= INPUT MATERIAL =
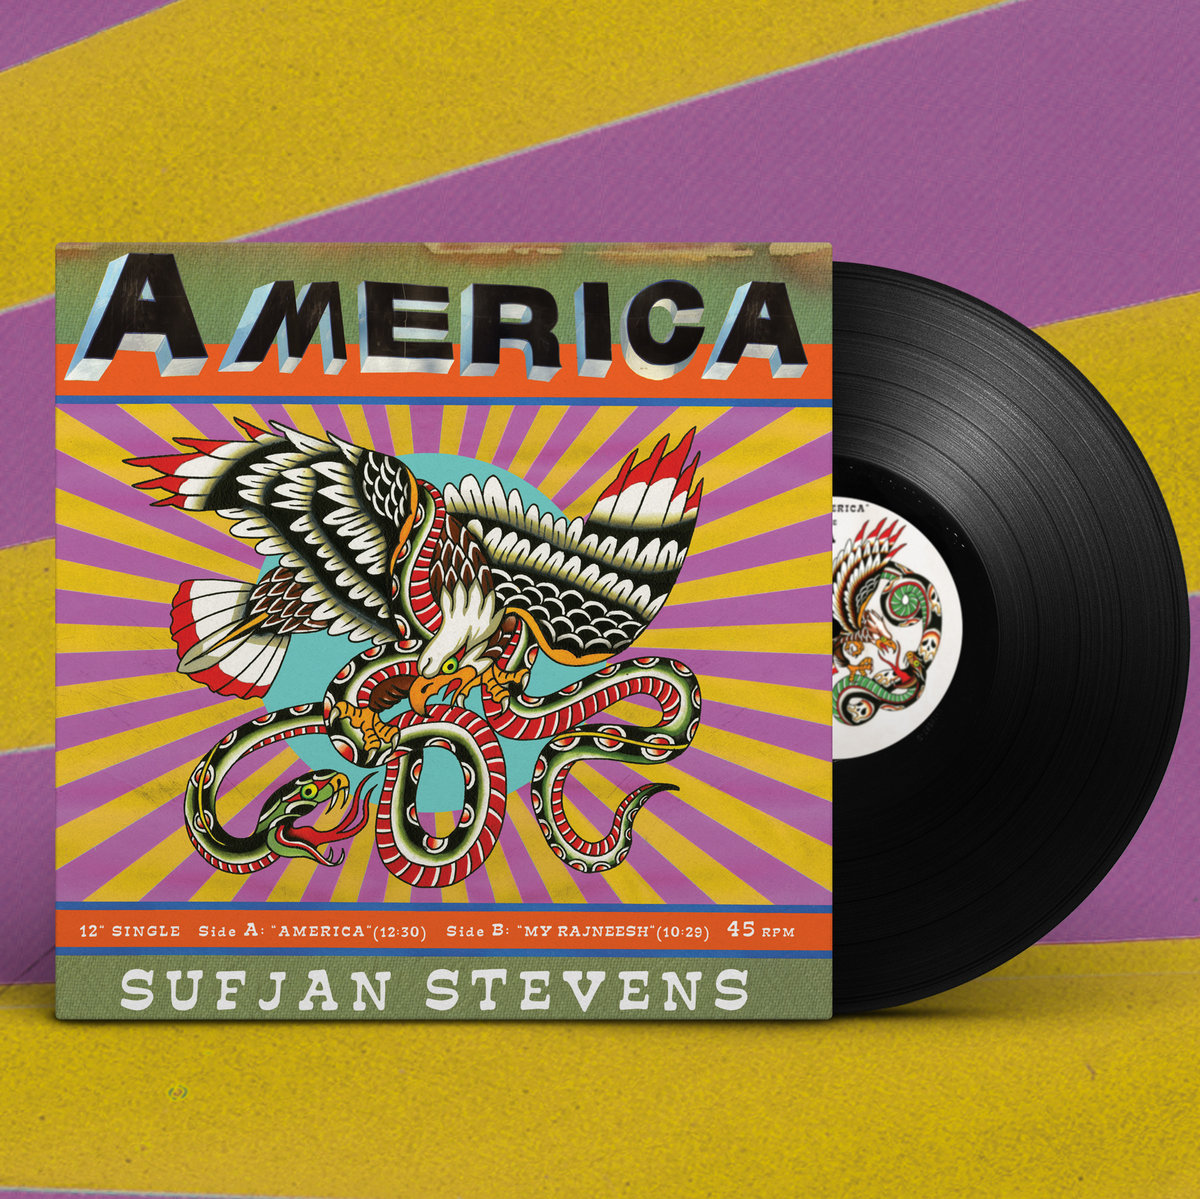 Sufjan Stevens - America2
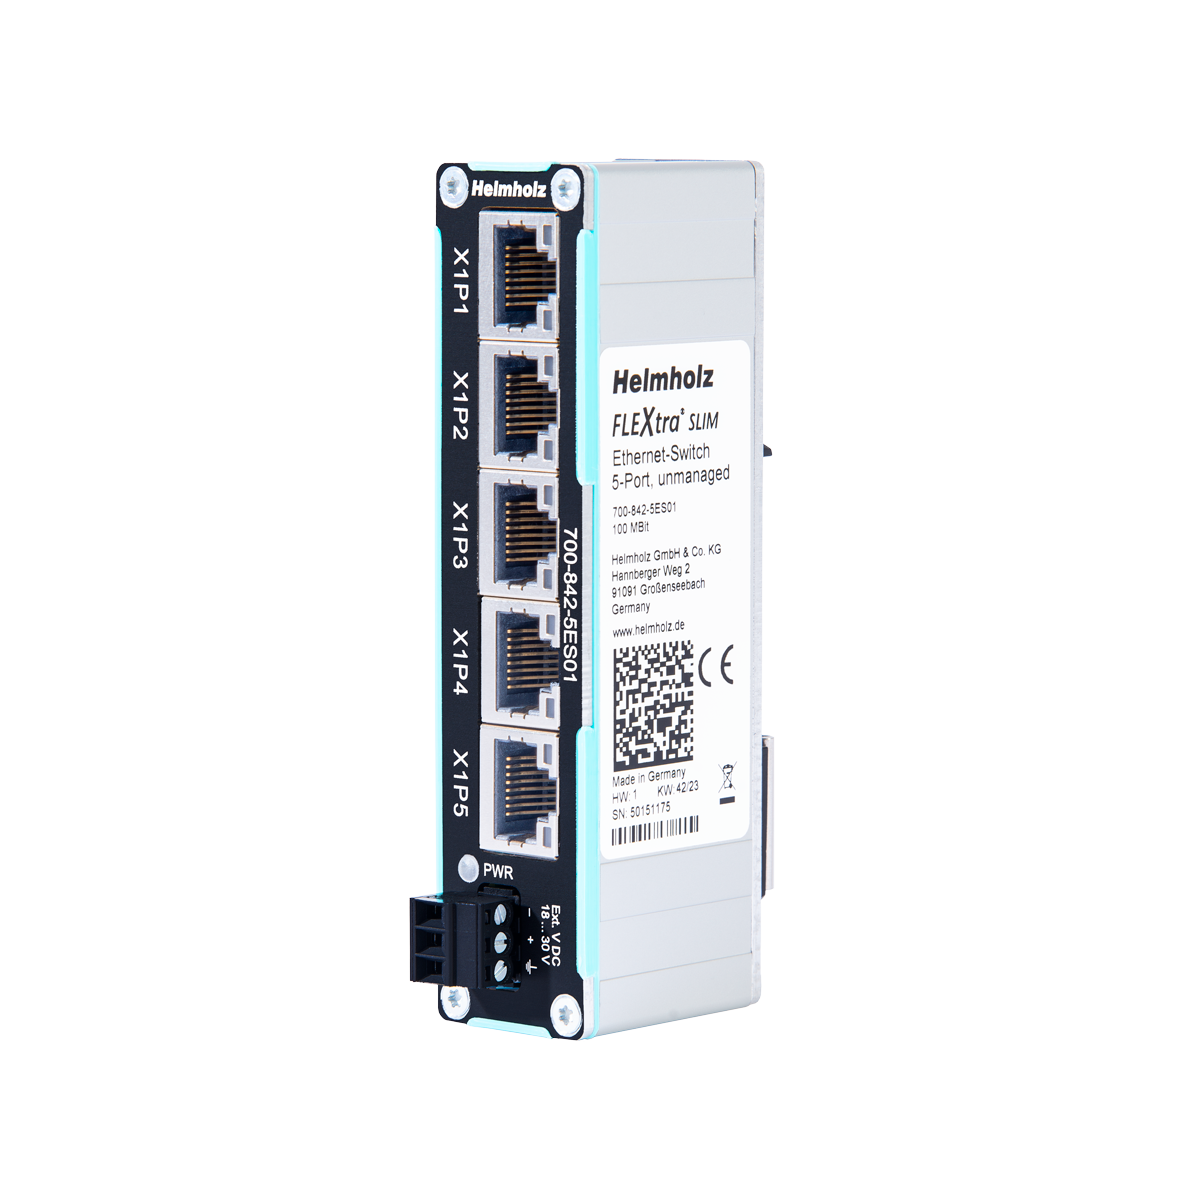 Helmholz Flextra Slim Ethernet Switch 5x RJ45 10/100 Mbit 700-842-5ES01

--

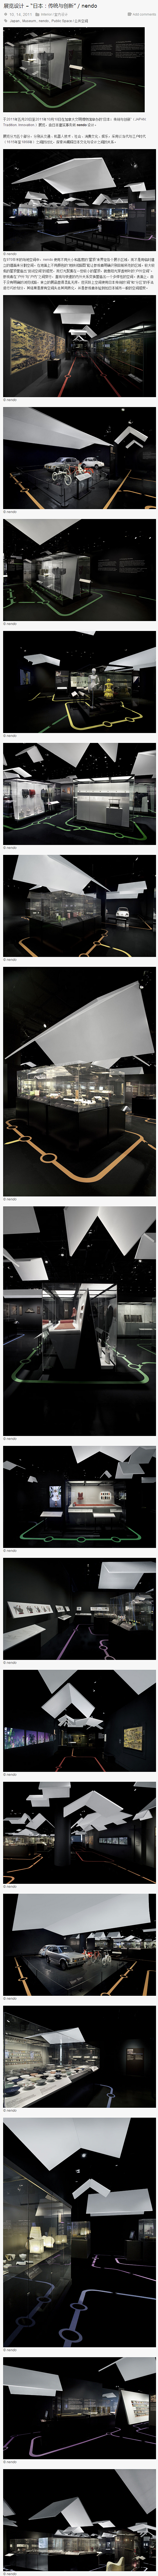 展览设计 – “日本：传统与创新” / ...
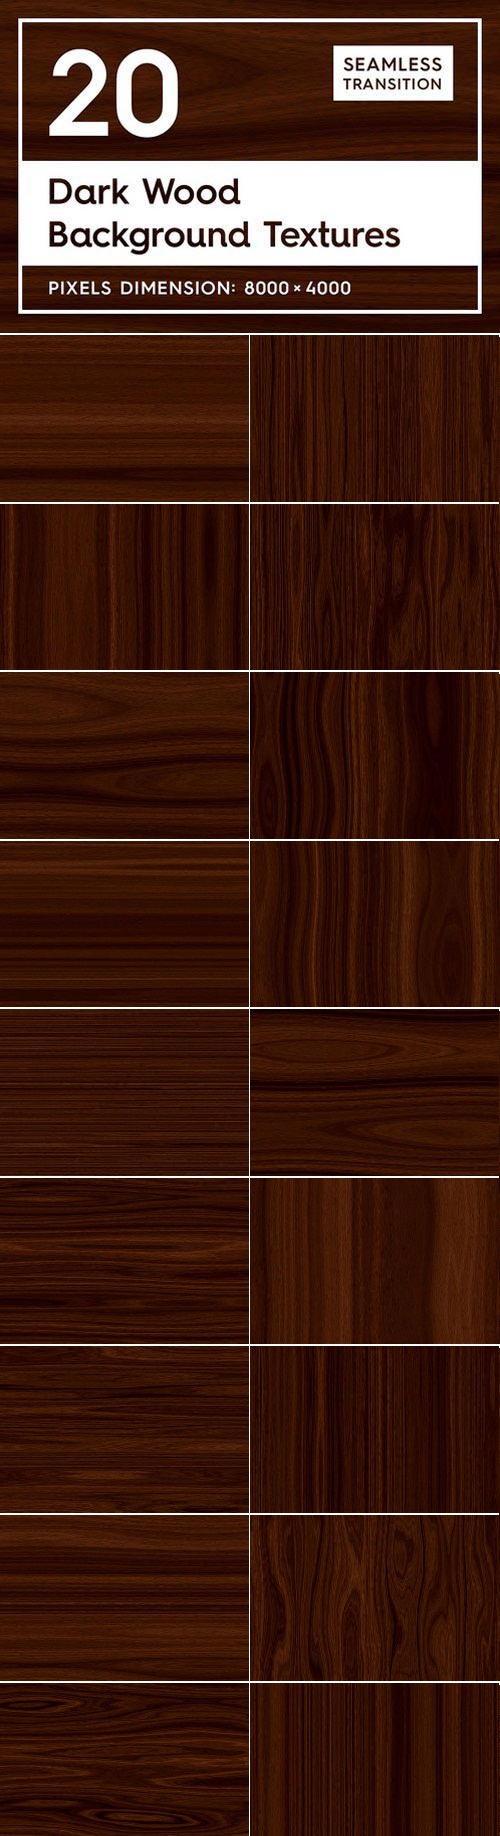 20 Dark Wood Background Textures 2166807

==

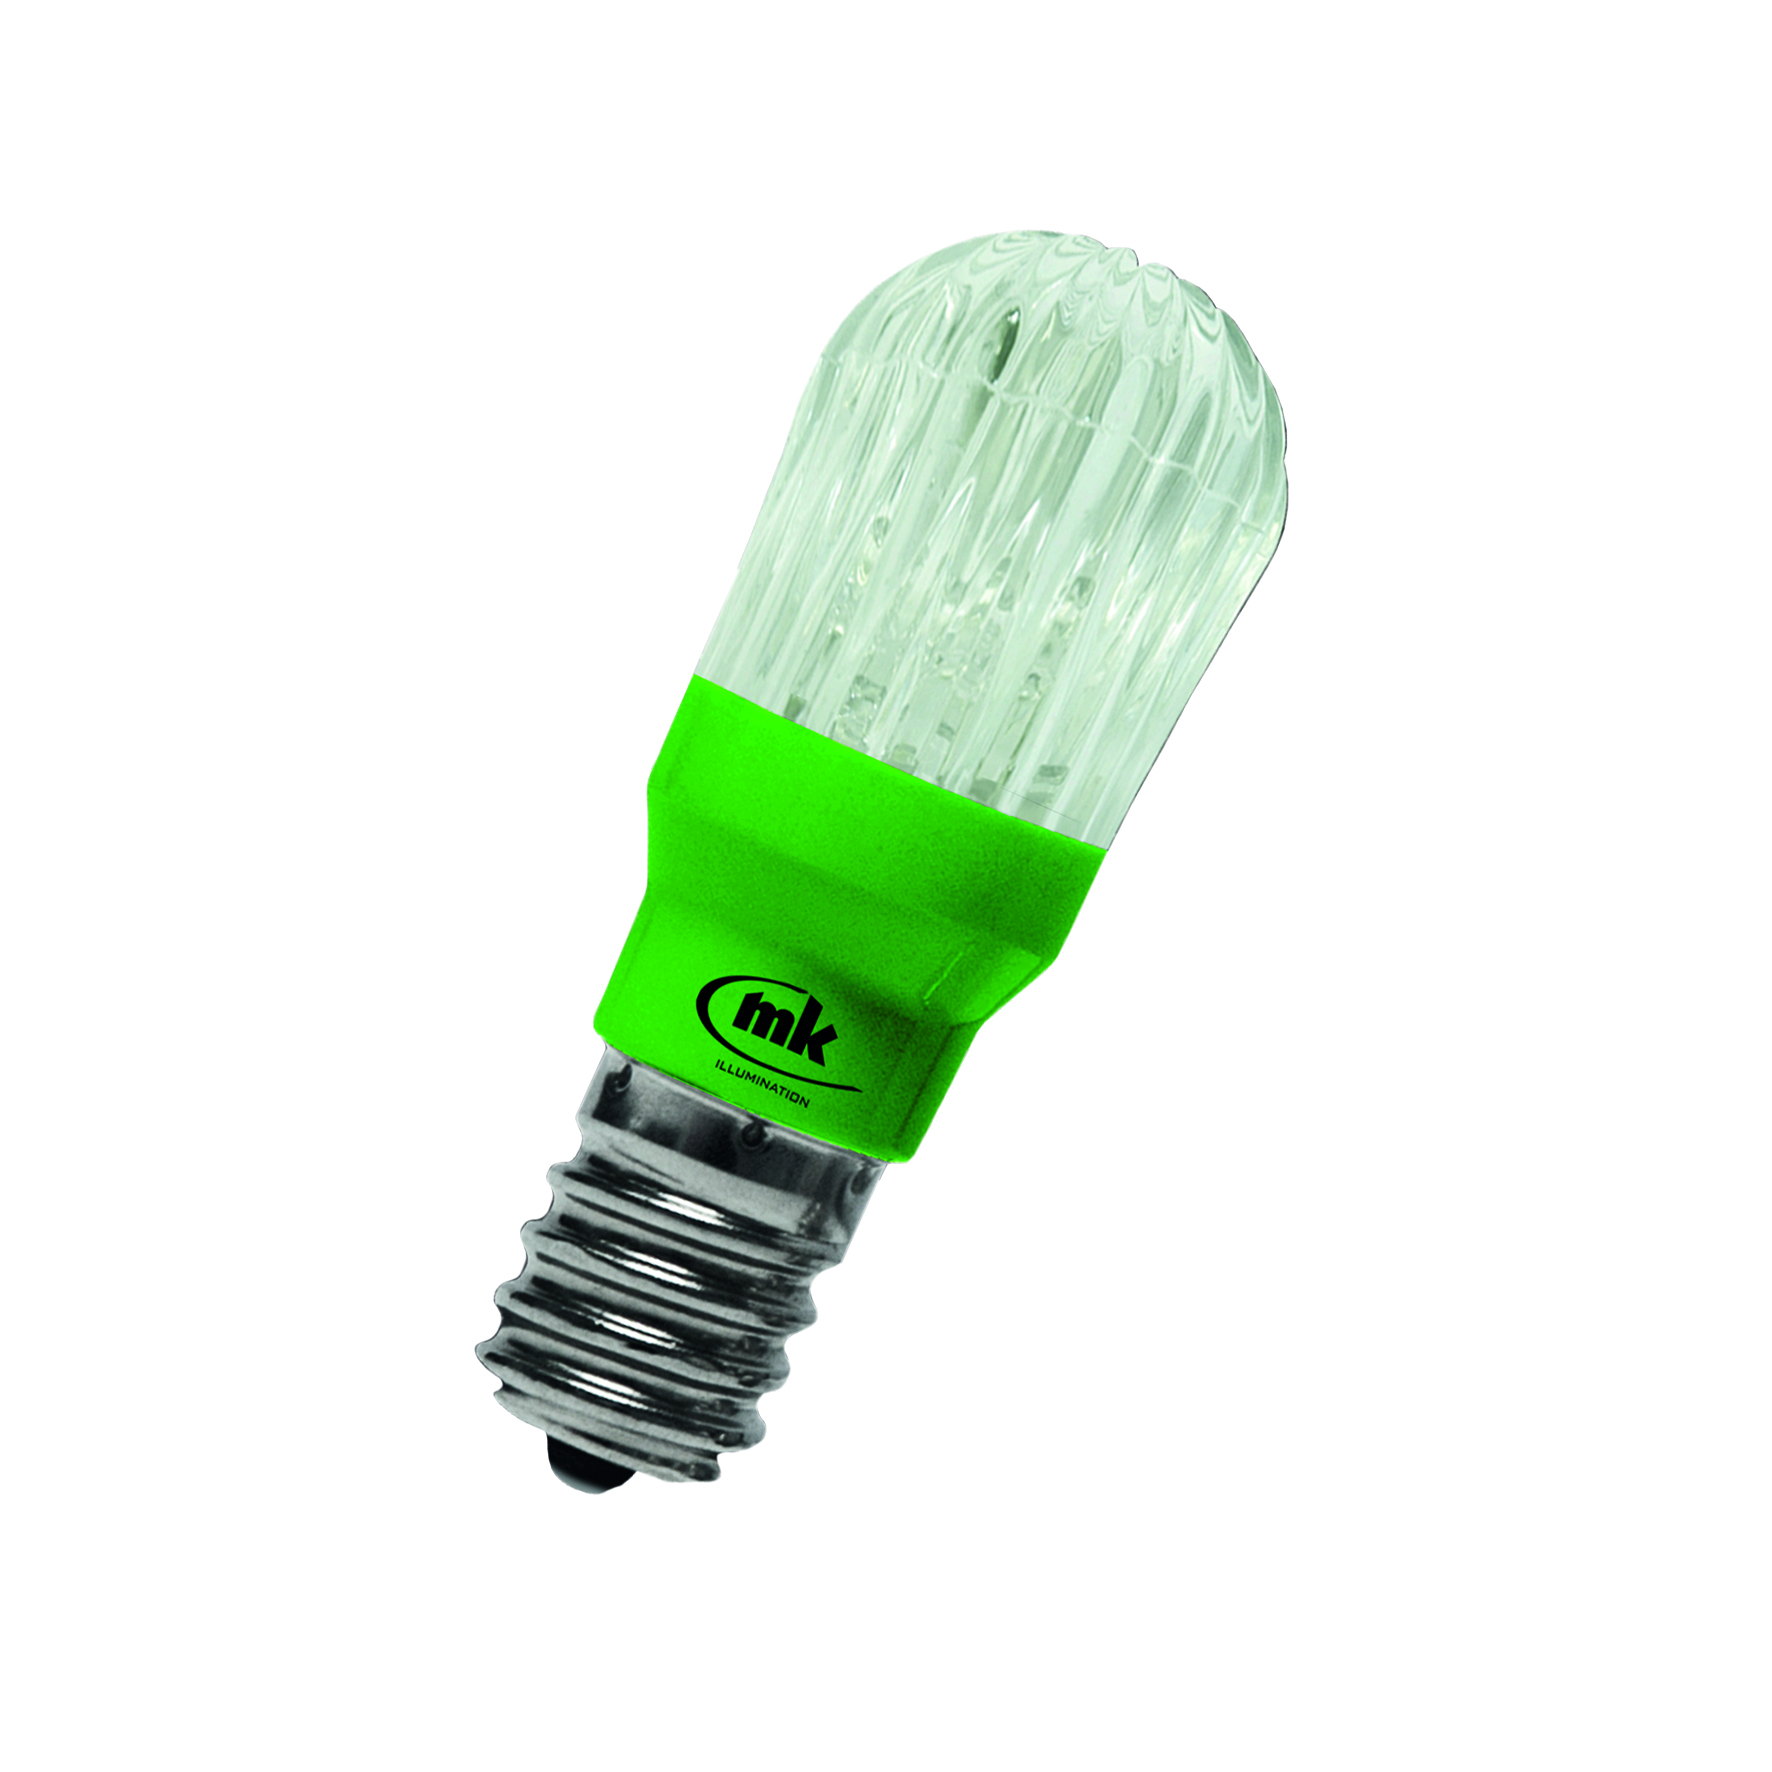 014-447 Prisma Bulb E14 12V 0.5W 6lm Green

= WHAT IS BEING ASKED =
Look above for the line with "Sufjan Stevens - America2" and the line with "Helmholz Flextra Slim". Copy them and every line between, exactly, but no pictures.

= RESPONSE TO THIS TASK =
 Sufjan Stevens - America2
 Helmholz Flextra Slim Ethernet Switch 5x RJ45 10/100 Mbit 700-842-5ES01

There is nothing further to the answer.